FILE PHOTO: Evergreen Marine. Corp shipping containers sit stacked at the Port 2000 terminal in the Port of Le Havre, France March 14, 2017. REUTERS/Benoit Tessier/File Photo
By David Fickling (Bloomberg Gadfly) — While wedding bells have been ringing out across the global shipping industry, Taiwan’s biggest container line, Evergreen Marine Corp., has remained aloof.
If mergers currently awaiting approval go ahead, the market share of the top five container lines will rise to 60 percent, from about 49 percent 18 months ago. With the last of the big marriages imminent, Evergreen looks like it’s being left at the altar.
State-owned Cosco Shipping Holdings Co. plans to buy Hong Kong’s Orient Overseas Container Line Co., or OOCL, for at least $4 billion in a deal that could be reached as early as July, the Wall Street Journal reported Wednesday, citing people it didn’t identify.
Such a transaction would hardly be a surprise: While a spokesperson for OOCL said the company wasn’t aware of a bid, Gadfly was predicting it six months ago. Still, this would cement a stark reversal of fortunes for Greater China’s shipping lines.
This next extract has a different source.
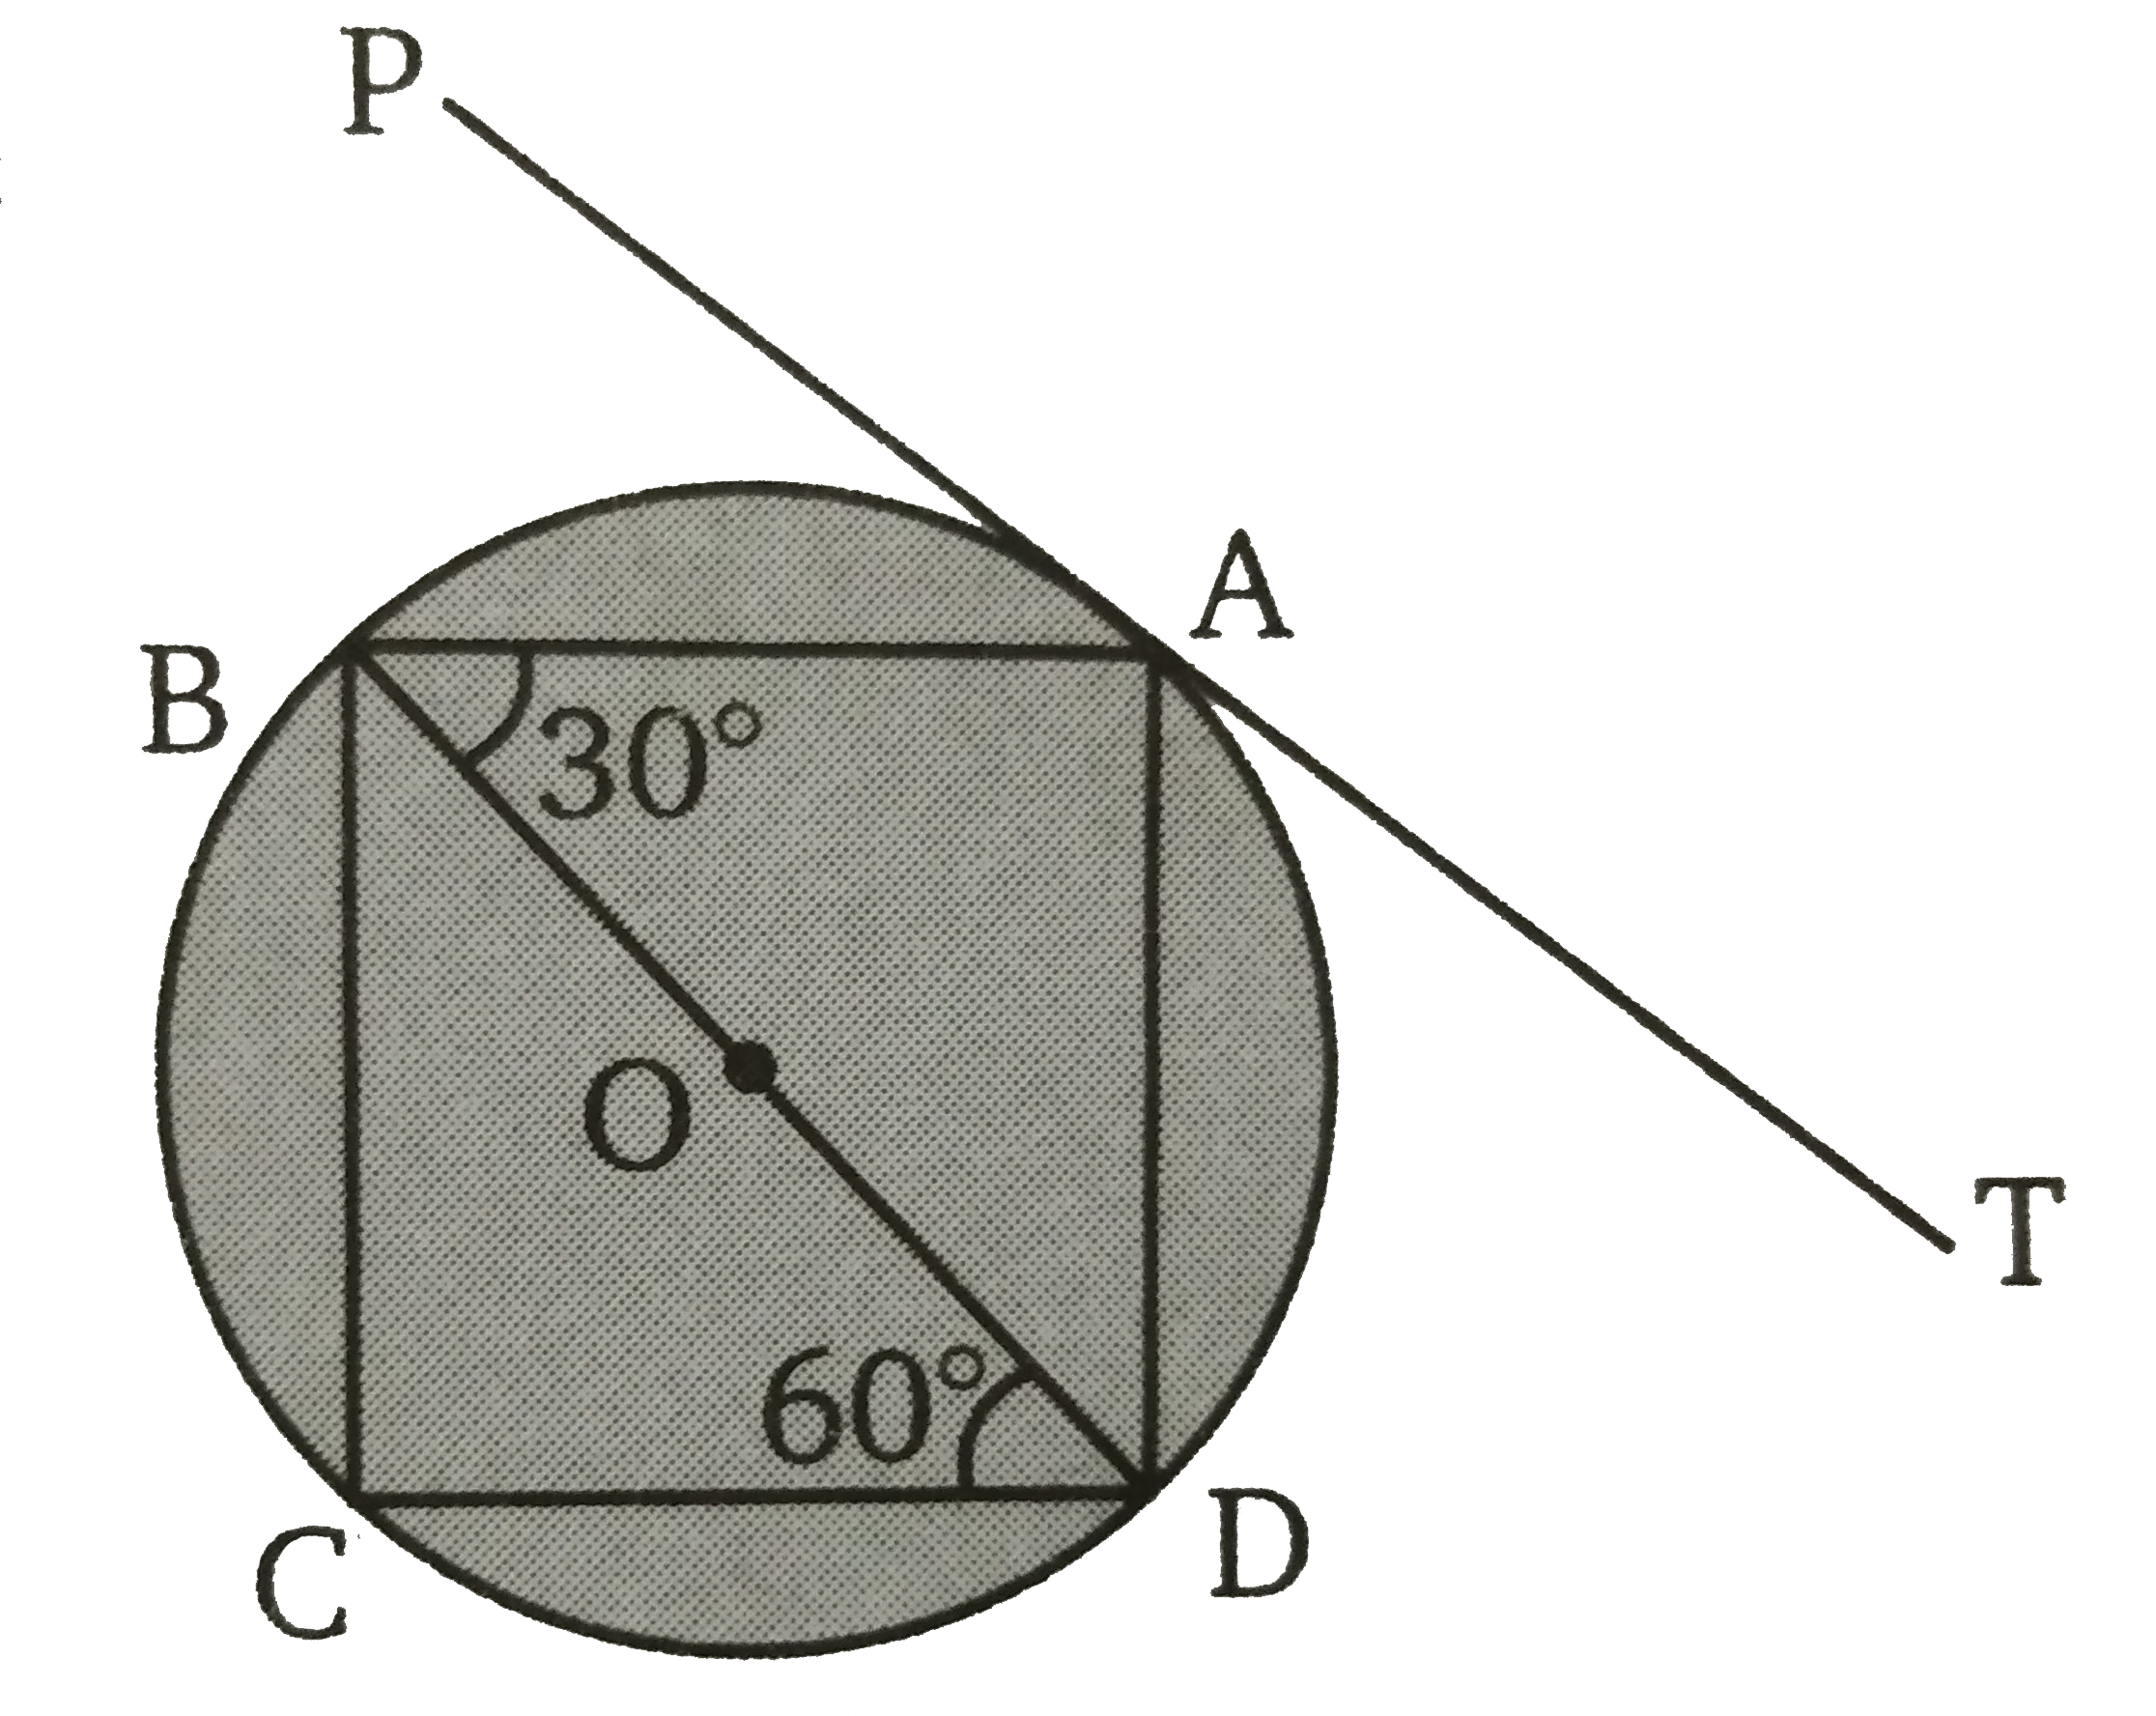 संलग्न चित्र में, ABCD  एक चक्रीय चतुर्भुज है तथा PAT  वृत्त पर एक स्पर्श रेखा है यदि BD  वृत्त का व्यास है तथा  angle ABD = 30^(@), angle BDC = 60^(@)  तब (i) angle TAD, (ii) angle BAD, (iii) angle PAB, (iv) angle BCD, (v) angle CBD  के मान ज्ञात कीजिए।

When the current round of M&A was kicked off last December with CMA CGM SA’s takeover of Singapore’s Neptune Orient Lines Ltd., Evergreen was Asia’s biggest box carrier and was fighting Hapag-Lloyd AG for the title of fourth-biggest globally, with capacity of about 936,000 TEUs, or 20-foot equivalent units. It’s been overtaken by both Cosco and the merged group that comprises Japan’s three major container lines, and its 1 million TEUs are now sufficient to make it only the seventh-biggest worldwide.
Single life has its advantages, though. Cosco, Evergreen and OOCL are all members of the Ocean Alliance, a grouping that pools its ships and allows customers a greater range of destinations and frequency. As a result, Evergreen gets some of the scale and revenue advantages of a formal merger without requiring a full-blown commitment.
There are other pluses. The entire shipping industry has benefited from the fashion for M&A over the past 18 months or so. Drewry’s weighted average of east-west container freight rates has risen 44 percent over the past year, to $1,464 from $1,020 per 40-foot box. Price volatility has dropped, too, as consolidating groups got a better handle on supply and demand.
Drewry gauge of east-west container rates, 12 months: +44%
Only the companies actually doing the deals have paid for this improvement, though. Evergreen’s NT$43.1 billion ($1.4 billion) net debt load — about 80 percent of the value of its equity — means it would probably have struggled to afford OOCL’s dowry. The debt may also have saved the company from a government-brokered shotgun marriage with Taiwan’s other big shipping line, Yang Ming Marine Transport Corp., which has failed to make more than a peppercorn profit since 2010 and has net debt at an eye-watering 482 percent of equity.
When the dust has settled on the container-shipping industry, Evergreen may have lost market share but it will remain a major player, and will have spared itself an expensive shopping spree. Wedding bells are all very well, but there are perks to being a wallflower.
This column does not necessarily reflect the opinion of Bloomberg LP and its owners.